> **DESCRIPTION OF THE TASK**:
In the records below, find the line that contains "Child Development Plans, Penn", then write out that line and each one after it exactly, up to and including the last.

> **THE RECORDS**:
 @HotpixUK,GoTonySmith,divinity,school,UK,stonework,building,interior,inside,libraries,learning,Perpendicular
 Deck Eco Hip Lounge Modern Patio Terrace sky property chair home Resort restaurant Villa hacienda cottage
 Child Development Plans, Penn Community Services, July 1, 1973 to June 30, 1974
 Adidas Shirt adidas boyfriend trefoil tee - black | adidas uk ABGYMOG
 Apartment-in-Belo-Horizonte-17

> **OUTPUT BELOW**:
 Child Development Plans, Penn Community Services, July 1, 1973 to June 30, 1974
 Adidas Shirt adidas boyfriend trefoil tee - black | adidas uk ABGYMOG
 Apartment-in-Belo-Horizonte-17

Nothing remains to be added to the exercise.